__Data excerpt__.

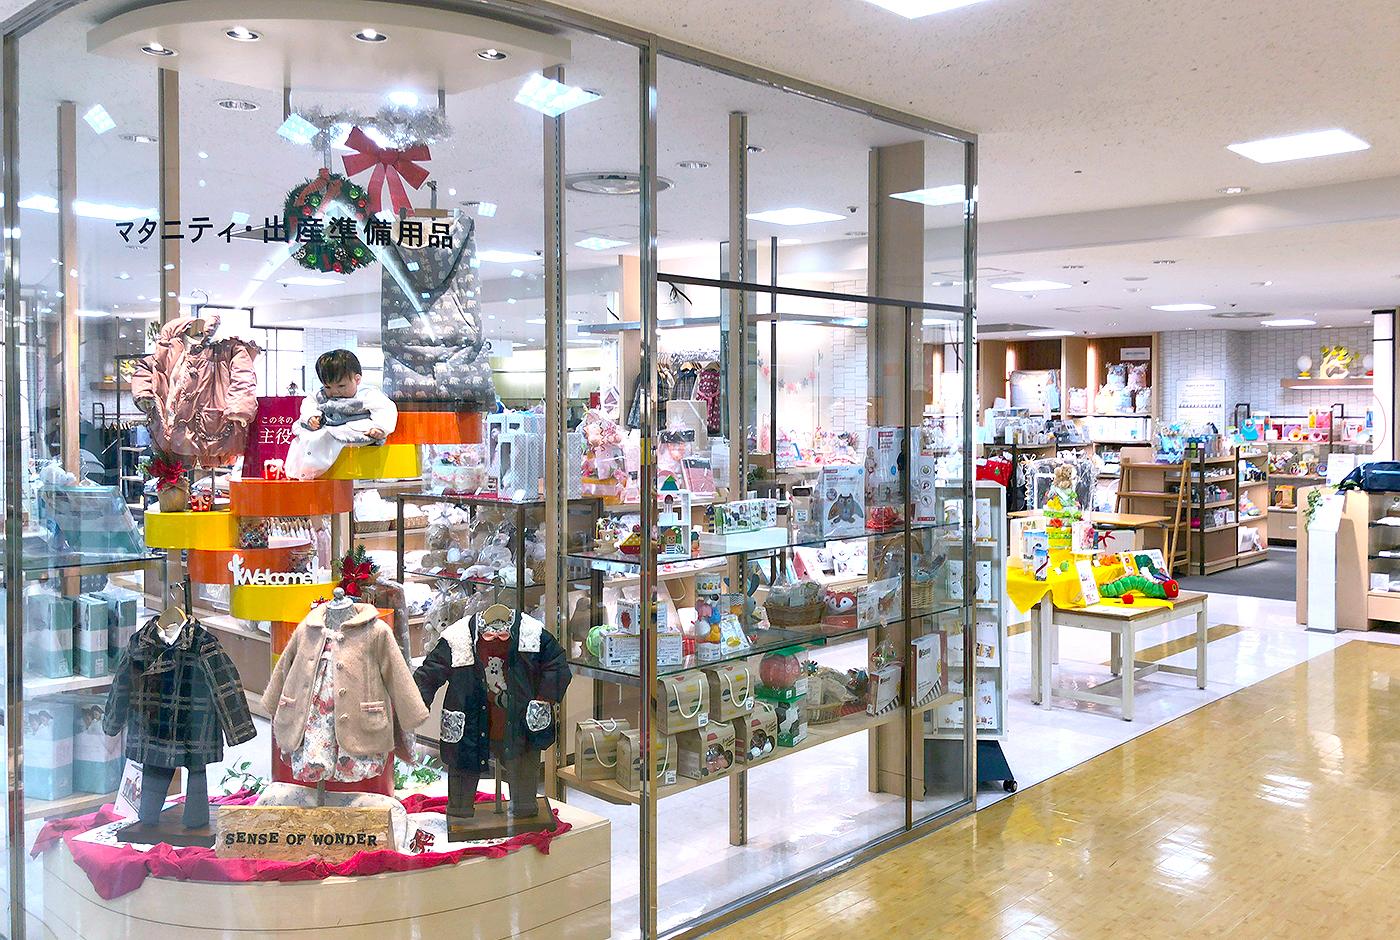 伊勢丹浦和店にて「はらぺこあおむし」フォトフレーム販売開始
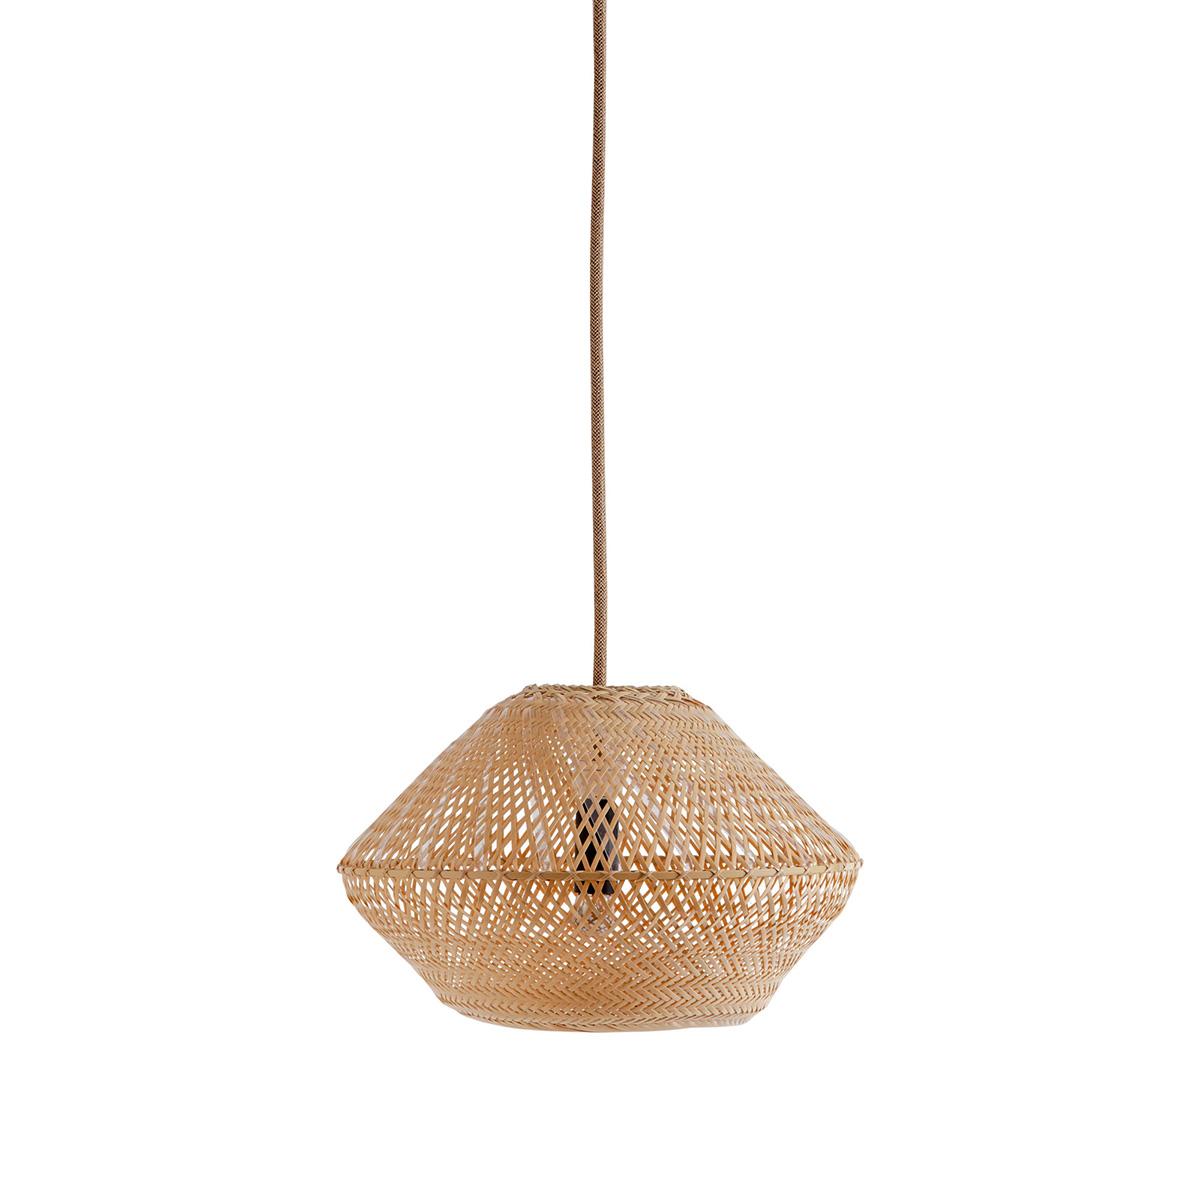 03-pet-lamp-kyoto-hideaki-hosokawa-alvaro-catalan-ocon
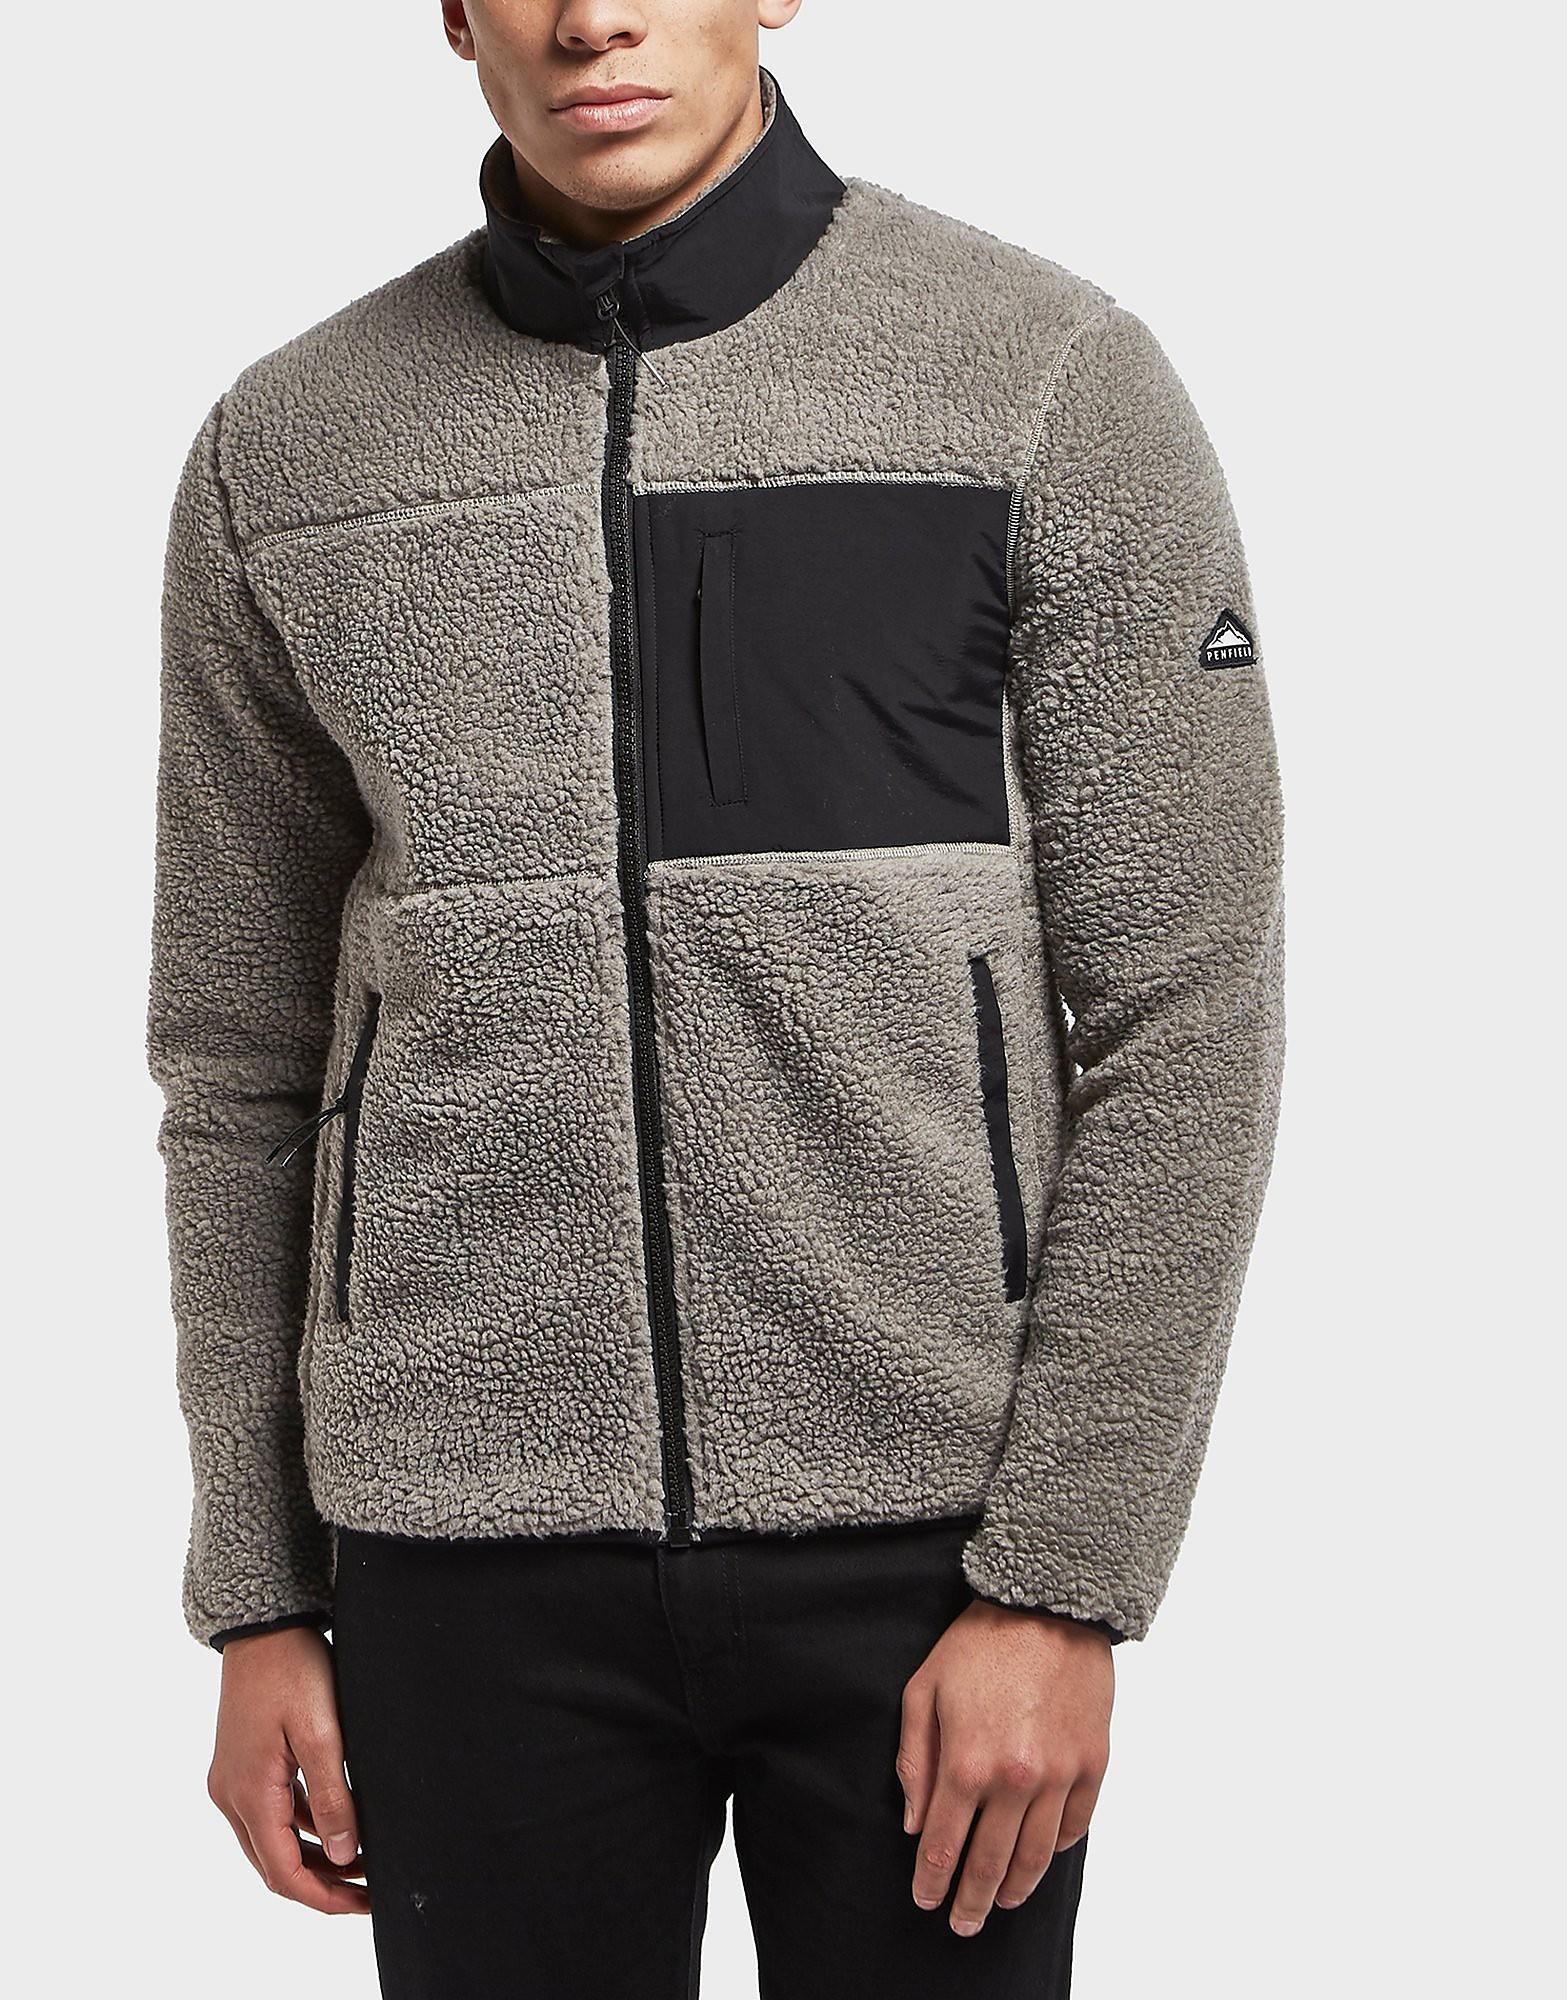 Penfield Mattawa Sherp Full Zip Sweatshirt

__Problem requirements__. Return the material word for word. Pictures are not part of the copy.

__Expected output__.
 伊勢丹浦和店にて「はらぺこあおむし」フォトフレーム販売開始
 03-pet-lamp-kyoto-hideaki-hosokawa-alvaro-catalan-ocon
 Penfield Mattawa Sherp Full Zip Sweatshirt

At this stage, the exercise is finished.